It would be a natural expectation that only major peaks, not all of them, would make an important contribution to the characterization of the XRD pattern. We developed a scheme that can identify which peaks are relavant to what extent by using auto-encoder technique to construct a feature space for the XRD peak patterns. Individual XRD patterns are projected onto a single point in the two-dimensional feature space constructed using the method. If the point is significantly shifted when a peak of interest is masked, then we can say the peak is relevant for the characterization represented by the point on the space. In this way, we can formulate the relevancy quantitatively. By using this scheme, we actually found such a peak with a significant peak intensity but low relevancy in the characterization of the structure. The peak is not easily explained by the physical viewpoint such as the higher-order peaks from the same plane index, being a heuristic finding by the power of machine-learning.

I Introduction

Materials informatics (MI) becomes to form a major topic as an application of big data science for the materials discovery Ikebata et al. (2017); Oses et al. (2018). In the topic, some efforts are found to utilize auto-encoder technique, e.g., applying it to reduce noise in the Laser Induced Breakdown Spectroscopy (LIBS) spectra.  Ye et al. (2018) The auto encoder technique Hinton and Salakhutdinov (2006) was originally introduced as a method for compressing the dimensions of an image data using neural networks. Hinton and Salakhutdinov (2006) The technique has since been applied to extractions features of data Salakhutdinov and Hinton (2009), noise eliminations for image data Cho (2013), detections of signal anomalies Sakurada and Yairi (2014), and to data generations to form images etc. Huang et al. (2018)
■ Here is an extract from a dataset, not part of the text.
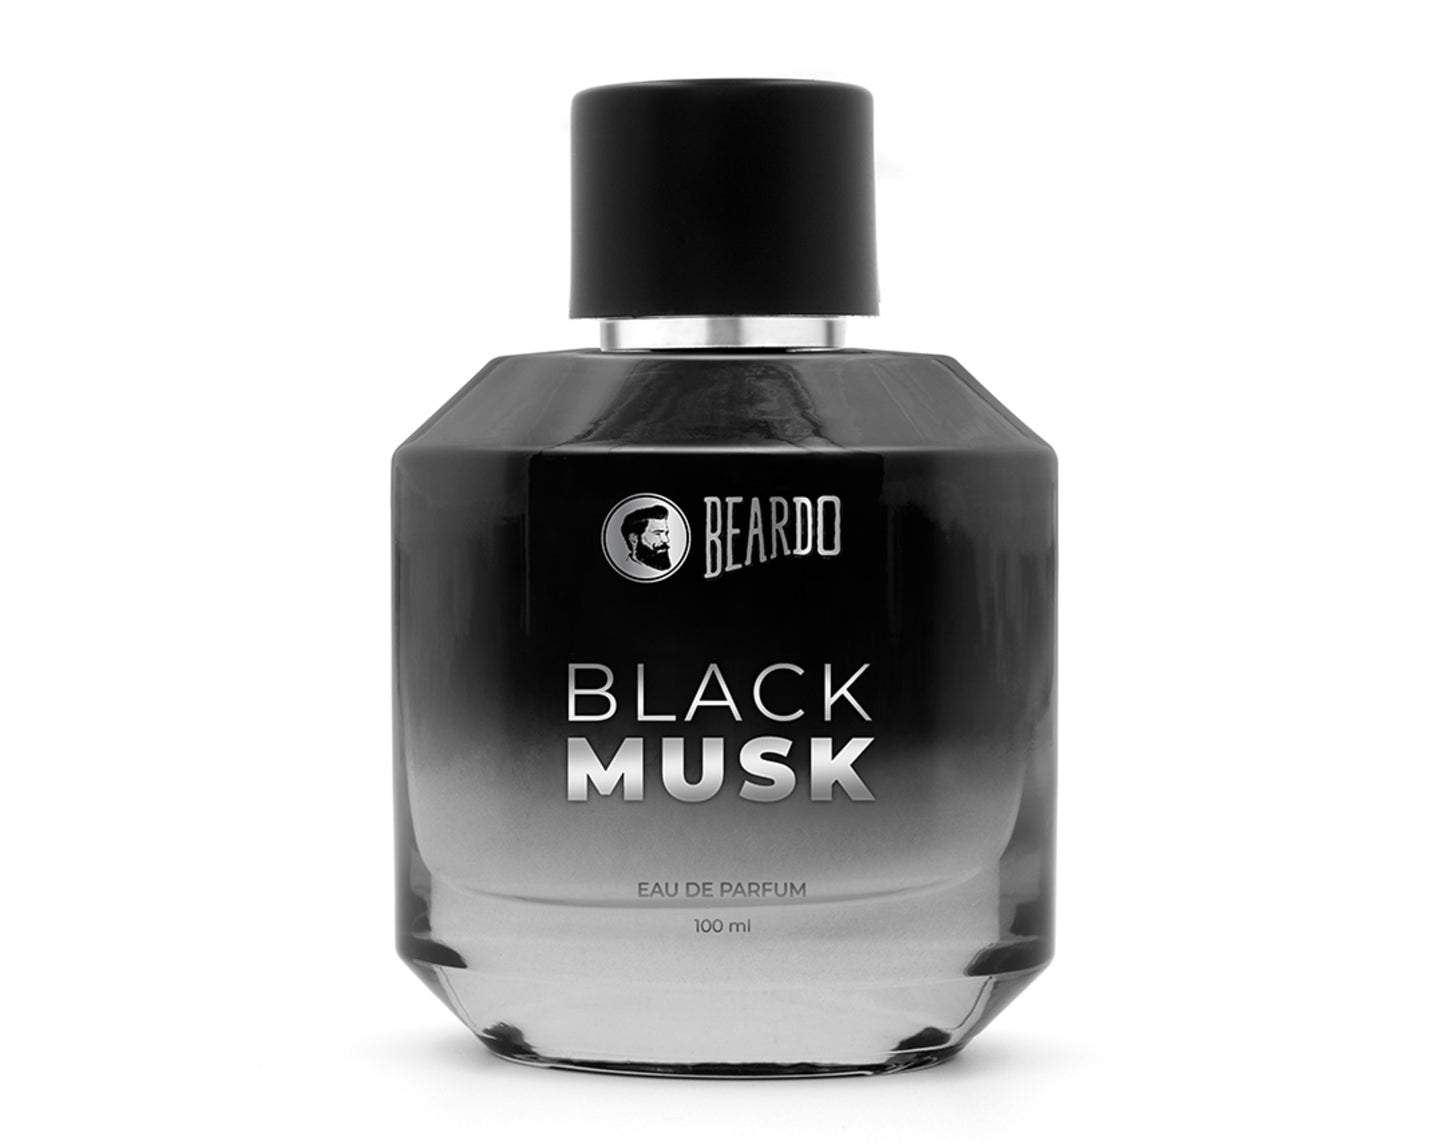 Beardo Ultimate Perfume Combo

One of the promising topics in the MI is the recognitions of the peak patterns of X-ray diffraction (XRD) analysis,  Kusne et al. (2014); Suram et al. (2017); Iwasaki et al. (2017); Li et al. (2018); Stanev et al. (2018); Xing et al. (2018); Utimula et al. (2018), which is common in crystal structure analysis in experiments Hongo et al. (2018) In terms of how to capture the features of patterns, all the previous studies above are based on the application of time-series signal recognition techniques. The Auto-encoder technique, on the other hand, takes a different approach to capture features: Putting features is regarded as a grouping operation made over all data, each of which has some data dimension (e.g., the number of data on time-axis). The grouping can be seen as a coarse-graining of information, and hence corresponds to the compression of data dimension by some means. In the auto-encoder concept, such a compression is realized by the neural network technique Hinton and Salakhutdinov (2006). There has been several recent reports applying the neural network to the problems in materials science  Dimiduk et al. (2018); Nash et al. (2018).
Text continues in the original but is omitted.